WEATHERSFIELD 7 school buses set to roll next week



Parents and pupils will be notified by mail this week of new bus routes.
By MARY SMITH
VINDICATOR CORRESPONDENT
MINERAL RIDGE -- The Weathersfield school district gave the go-ahead for seven buses to start running again Monday to pick up any of the 700 to 750 pupils who have been without busing for the last nine months.
Superintendent Michael Hanshaw announced Wednesday that the buses will start rolling again, keeping a promise made by the board of education this summer in advance of a failed levy request that went on a special ballot Aug. 3. Now he's making good on a promise he made before this Tuesday's election that busing would resume if the district's school levy passed.
Voters approved the 5.5-mill emergency operating levy for five years to generate $538,168 annually.
This is the fourth time since May 2003 that the district has sought additional operating funds from the voters, after it learned in October 2002 that it would be losing $621,000 annually from RMI Titanium in personal tangible property taxes.
"We are very happy, very pleased that the community is very supportive of the schools," Hanshaw said.
Cut to state minimums
The district cut busing in January to state minimums, which only requires that pupils in kindergarten through eighth grade are bused.
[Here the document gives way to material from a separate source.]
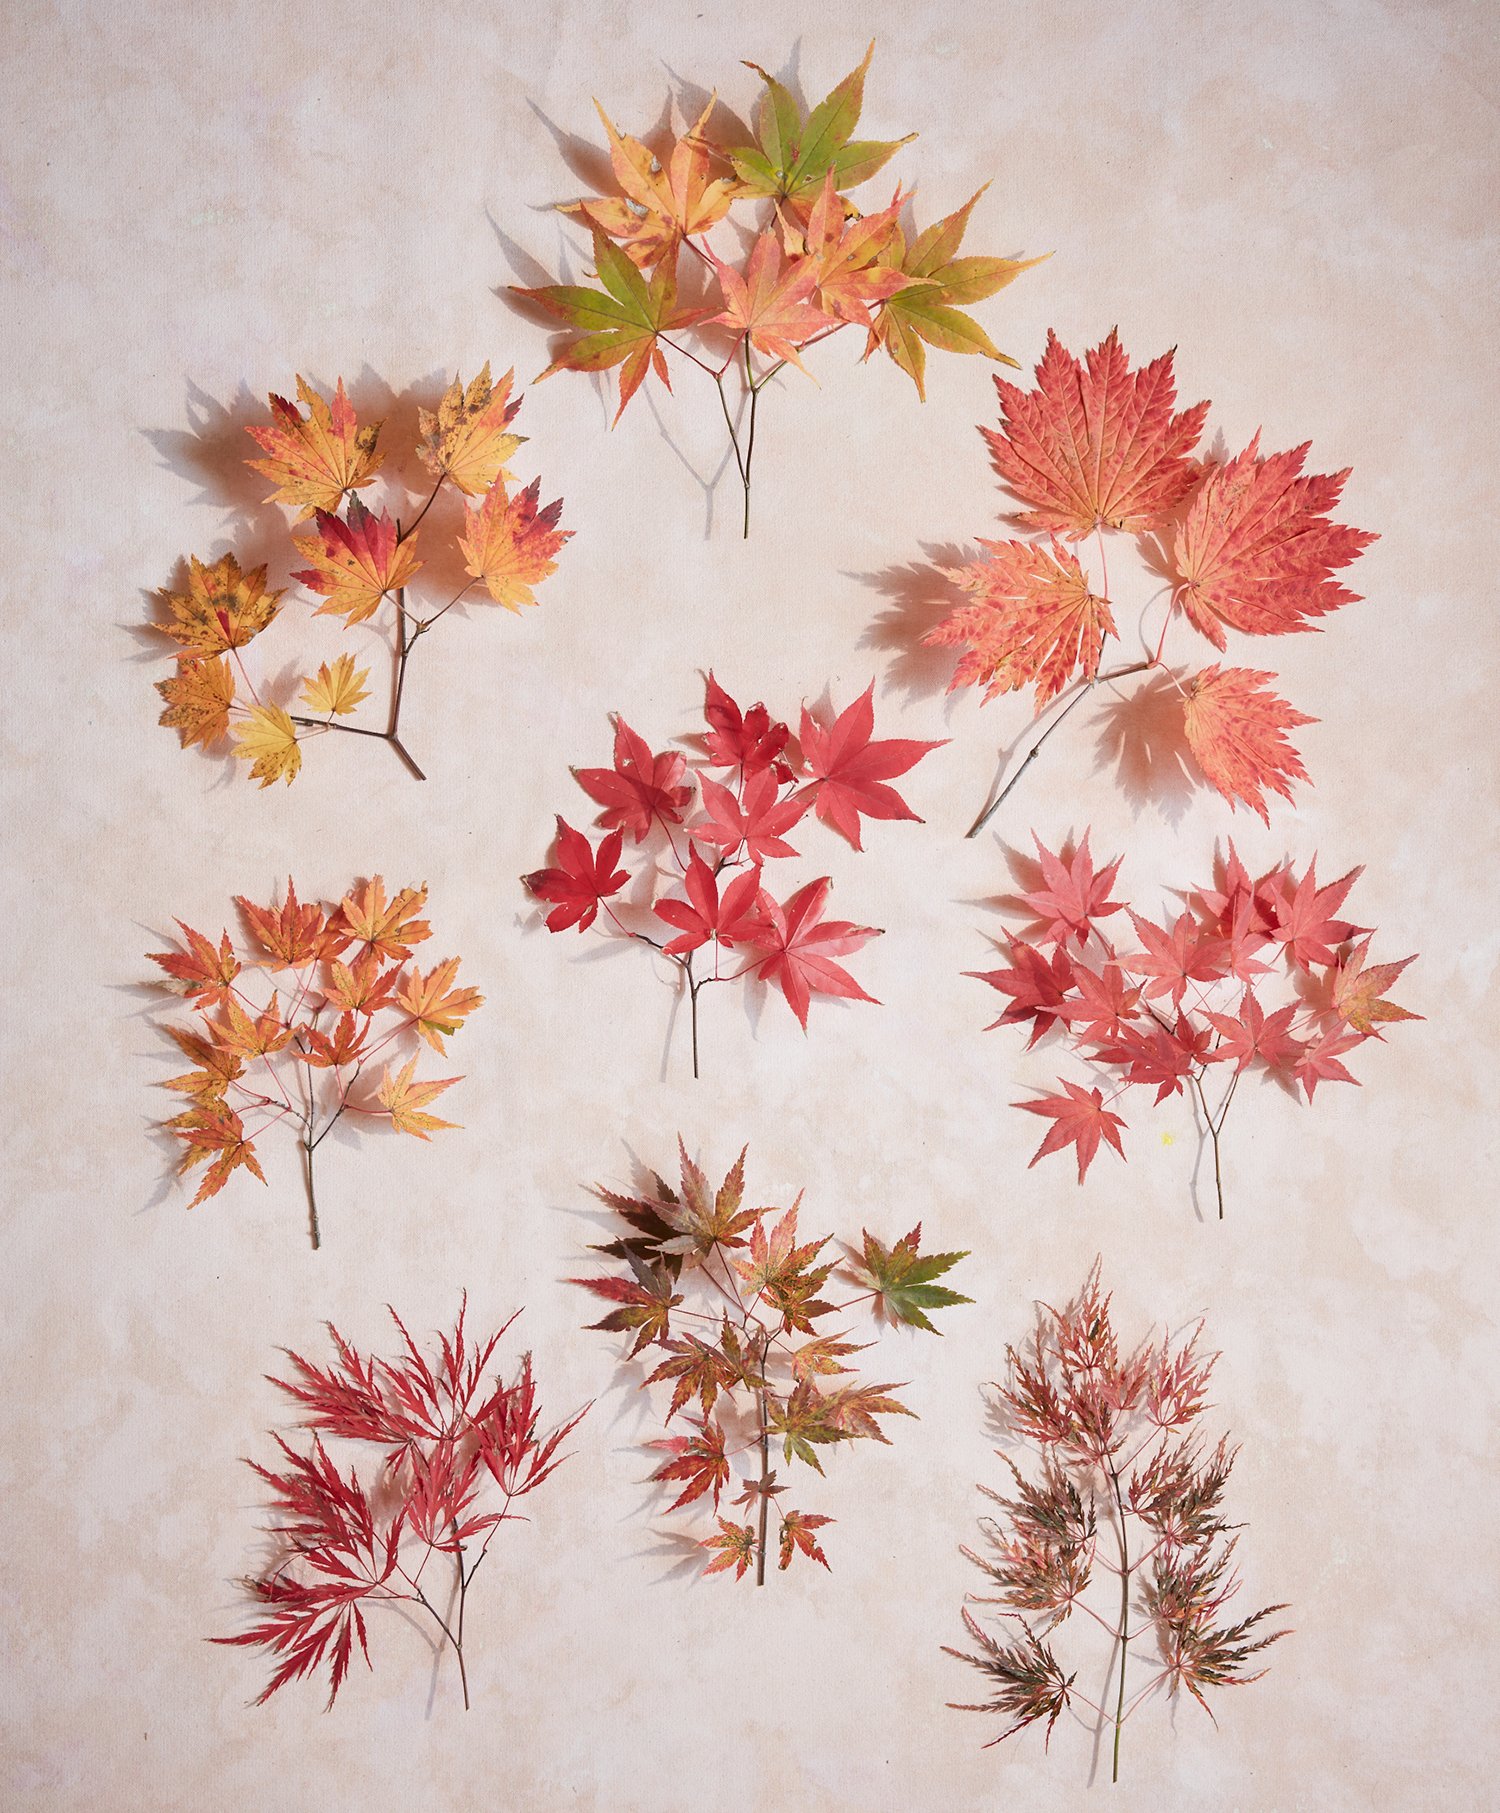 Japanese Maples photographed by Ngoc Minh Ngo

Busing turned into a major issue of contention at several school board meetings, which had to be moved from the school library to the high school cafeteria and frequently drew 250 parents who wanted busing restored.
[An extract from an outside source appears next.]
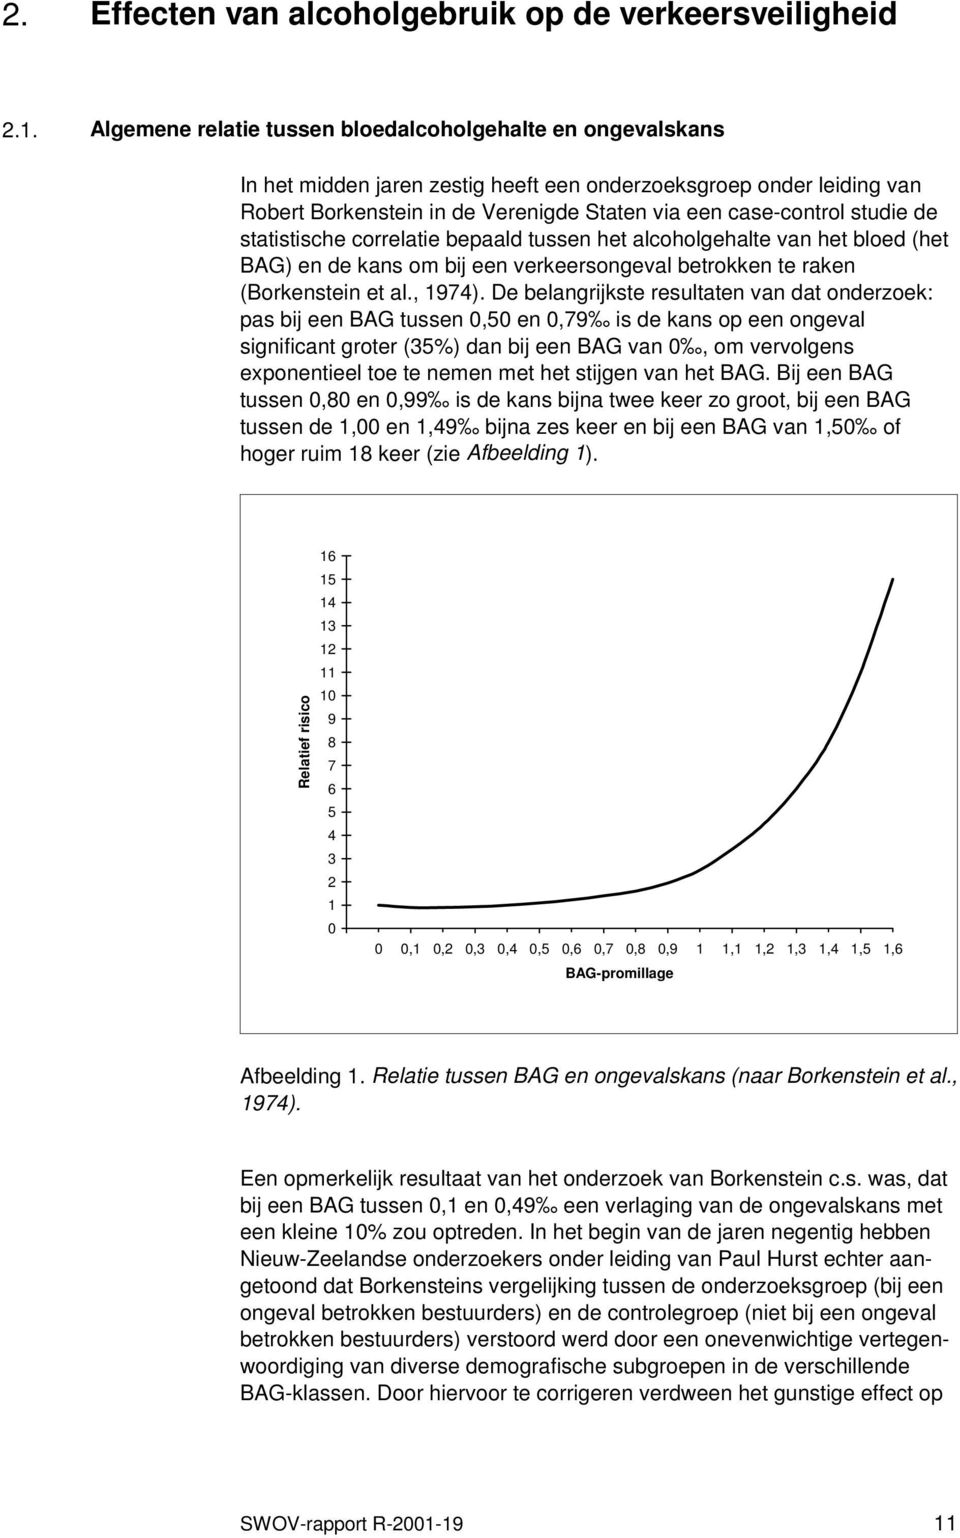 studie de statistische correlatie bepaald tussen het alcoholgehalte van het bloed (het BAG) en de kans om bij een verkeersongeval betrokken te raken (Borkenstein et al., 1974).

Of the district's 1,050 pupils, only 95 were outside the two-mile limit and were being bused since last January, according to figures provided by Ron Knight, transportation coordinator. Hanshaw said Knight estimates that 700 to 750 pupils will be re-boarding those buses Monday.
Parents and pupils will be notified by mail this week of what the new bus routes will be, what time they will be picked up and dropped off, and where their bus stop will be after a reorganization of routes ordered by Hanshaw.
One driver will be brought back from layoff, but the other three drivers, who had taken other nonteaching jobs in the schools, will have to go through a five-day bidding process through the union if they want to go back to being bus drivers. If not enough drivers bid for the jobs, someone new will have to be hired, the superintendent said.
Instead of nine buses, seven will be used. Hanshaw added that the district will save $33,901 on the new bus schedule structure for the school year.
Still on tight budget
Everything else in the district will remain on the tight budget the district has been maintaining since it was placed under state fiscal watch, Hanshaw said.
"We have to try to maintain our current staffing levels as they are now," he said. The district put a policy in place in the past two years that there be no new hiring if teachers retire or leave if positions can be filled from within. The result has been larger class sizes for some grade levels, and no new curriculum has been added or textbooks bought.
Hanhsaw also noted that an emergency levy for 4.8 mills, which comes up for renewal in November 2005, is also crucial to the district. He and treasurer Angela Lewis said the district does not expect to be removed from the fiscal watch imposed in March 2002 now that Tuesday's issue passed, because it also needs approval of the renewal, which generates $418,120 a year.